[thelist] Converting Powerpoint to web Page

Shawn K. Quinn skquinn at speakeasy.net
Thu Oct 20 20:17:08 CDT 2005


On Wed, 2005-10-19 at 11:39 -0500, Minh Lee Goon wrote:
  [j s wrote:]
> > I have a big powerpoint file that I need to convert to html.  When I
> > use the Save As HTML in powerpoint - the pages take forever to load. 
> > Is there a better way of converting them for quicker viewing?  They
> > have animation, sound and fade in/out text.

> You could save the PowerPoint file as a PowerPoint Show file. Your users 
> can view the file using the free PowerPoint Viewer, downloadable from 
> Microsoft's web site. That should preserve the presentation.

The caveat is, of course, that this leaves out non-Windows users. "World
Wide Web" does not necessarily imply "PC running Microsoft Windows".

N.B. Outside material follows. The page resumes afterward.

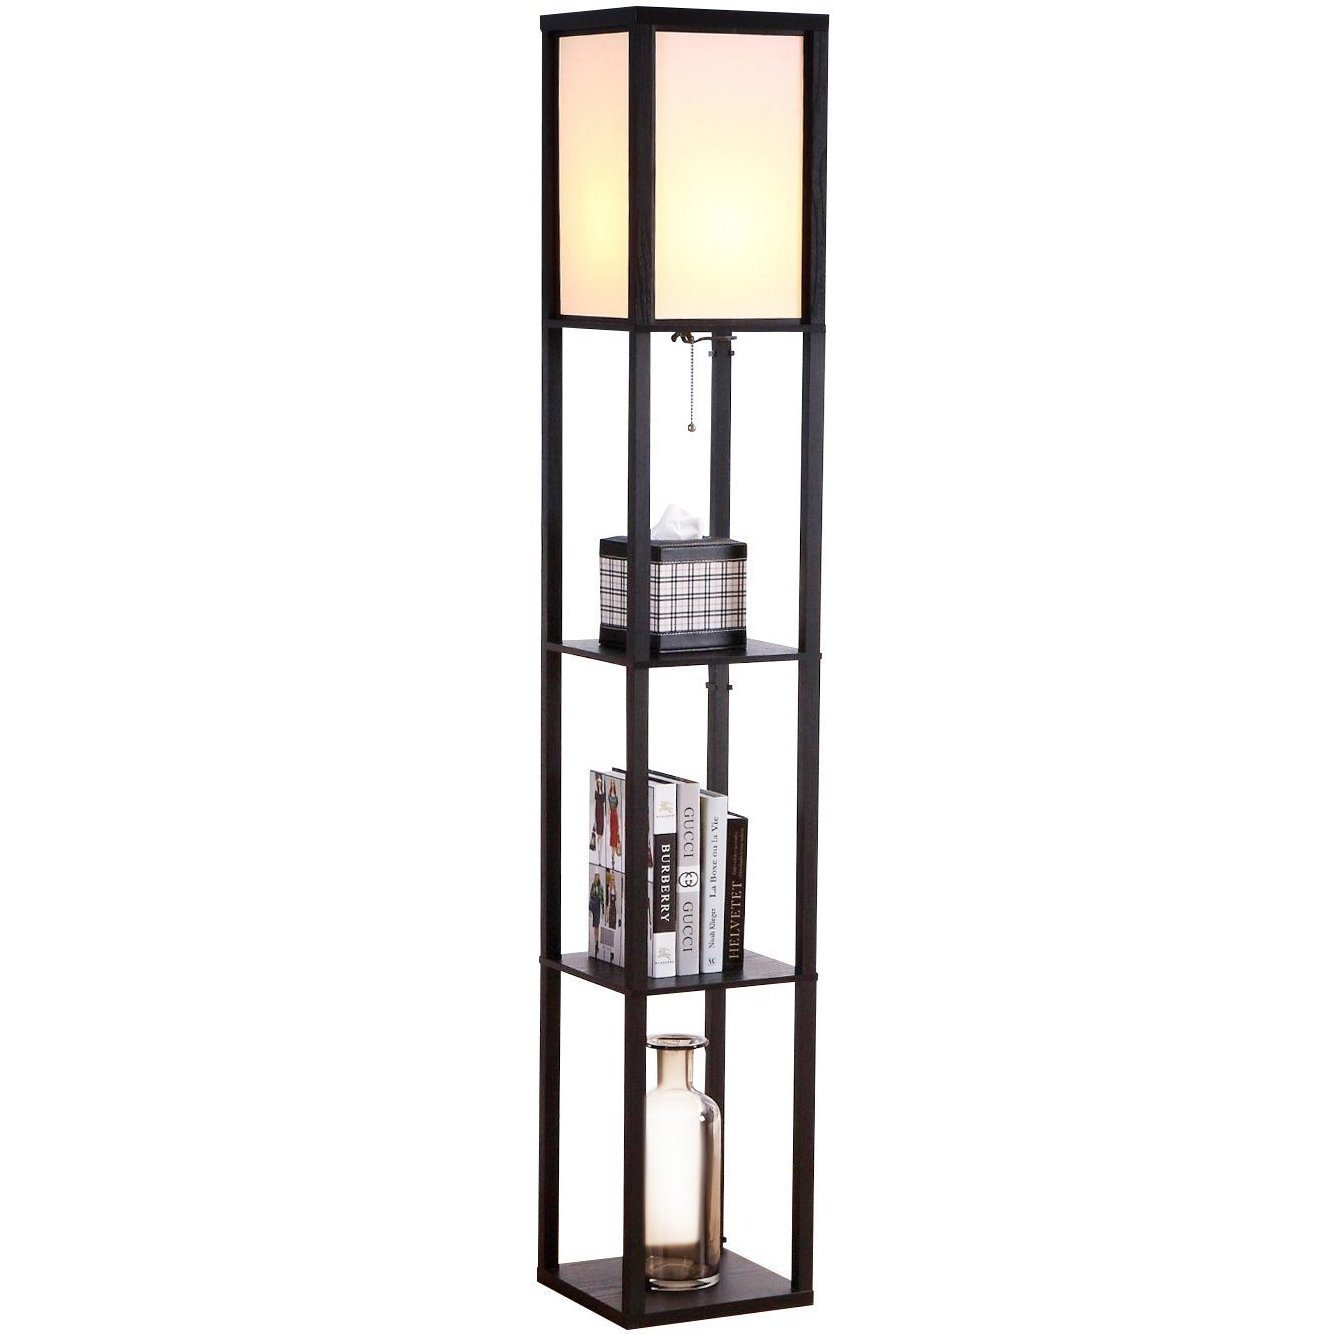 Maxwell LED Shelf Floor Lamp

> Otherwise, I think the best way to do it would be to convert it to a PDF 
> file and let your users download it. Obviously you'll lose the 
> animation, page transitions, sound, etc. But Adobe Reader is ubiquitous.

PDF is indeed more accessible than a Microsoft proprietary format, but
poses problems that stem from the fact that it's intended as an
"electronic paper" format if that makes any sense. I have a feeling the
original poster had a reason for wanting to export to HTML.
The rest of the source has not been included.